The data misuse scandal that Facebook finds itself in has led to many problems for the company. It’s facing lawsuits and inquiries by forums such as the United States Congress. The scandal broke about a week ago when it was revealed that a company called Cambridge Analytica had harvested data of more than 50 million Facebook users through a quiz app. While the company says that it has deleted all of the data that was collected at that time, a new report claims that’s not the case.
UK broadcaster Channel 4 reports that it has come across a cache of the data that was harvested by Cambridge Analytica which has information on 136,000 individuals from Colorado. The data includes their personality results and the psychological profiles that were created using that data.
The cache reportedly includes information that was gathered as far back as 2014 which is in the timeframe in which Cambridge Analytica was collecting the data. The broadcaster’s source claims that this data was used by Colorado Republicans to target voters in the state.
It’s even claimed that this list was “passed around using generic, non-corporate email systems, outside of the servers of Cambridge Analytica,” which if true would mean that this cache was distributed to a lot of people and that it’s basically impossible to ensure that it has been deleted.

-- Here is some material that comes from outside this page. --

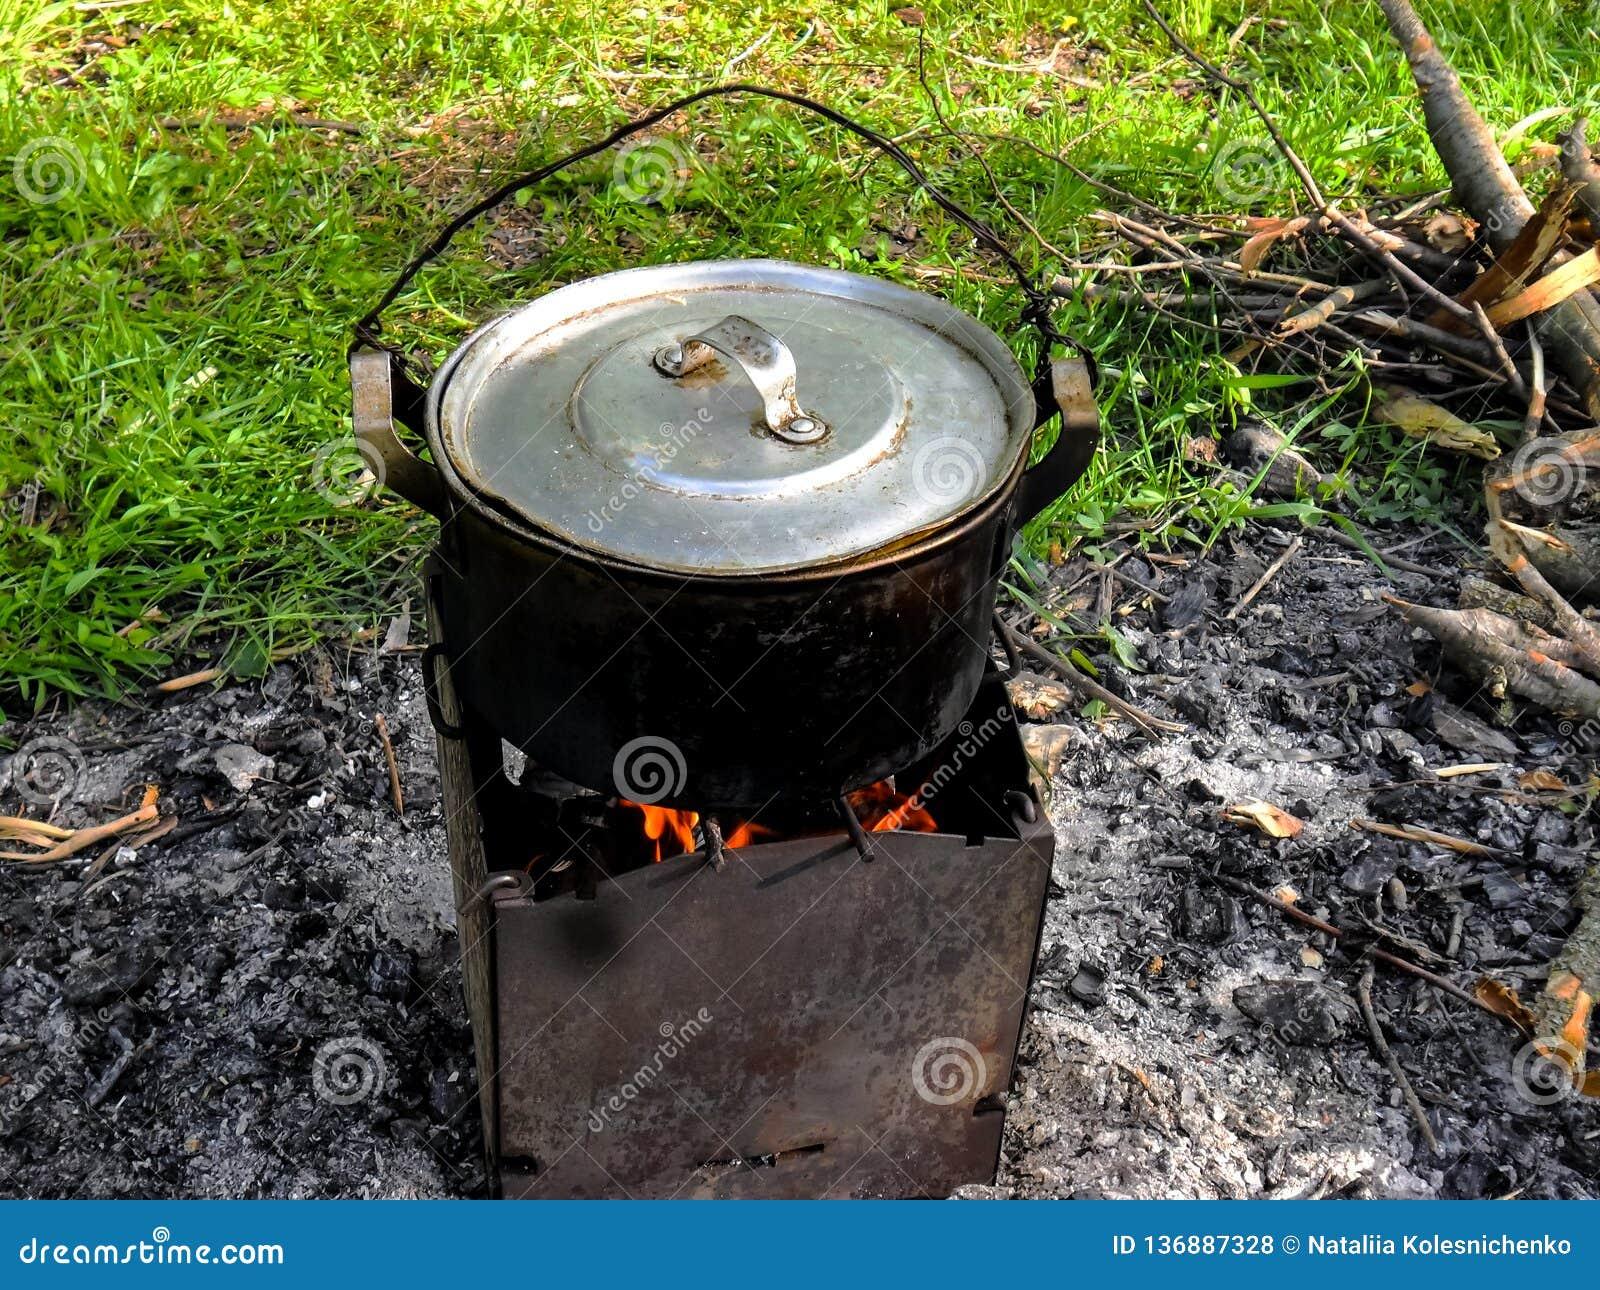 Närbild av en campa panna för att laga mat fisksoppa som fångades på betet med en härlig landskapbakgrund

Cambridge Analytica maintains that it deleted all of the data that was harvested during that time and has even said that it’s having a third-party audit conducted to back that claim. The company has issued the following statement in response to the report:
“We have never passed any data from GSR to an external party. After Facebook contacted us in December 2015 we deleted all GSR (Global Science Research, the research company that had obtained the data for CA) data and took appropriate steps to ensure that any copies of the data were deleted. This includes our lawyers taking action in late 2014 against a number of former staff members who had stolen data and intellectual property from the company. These former staff members each signed an undertaking promising that they had deleted all such material. It is untrue that we failed to take appropriate measures to ensure that GSR data were deleted.”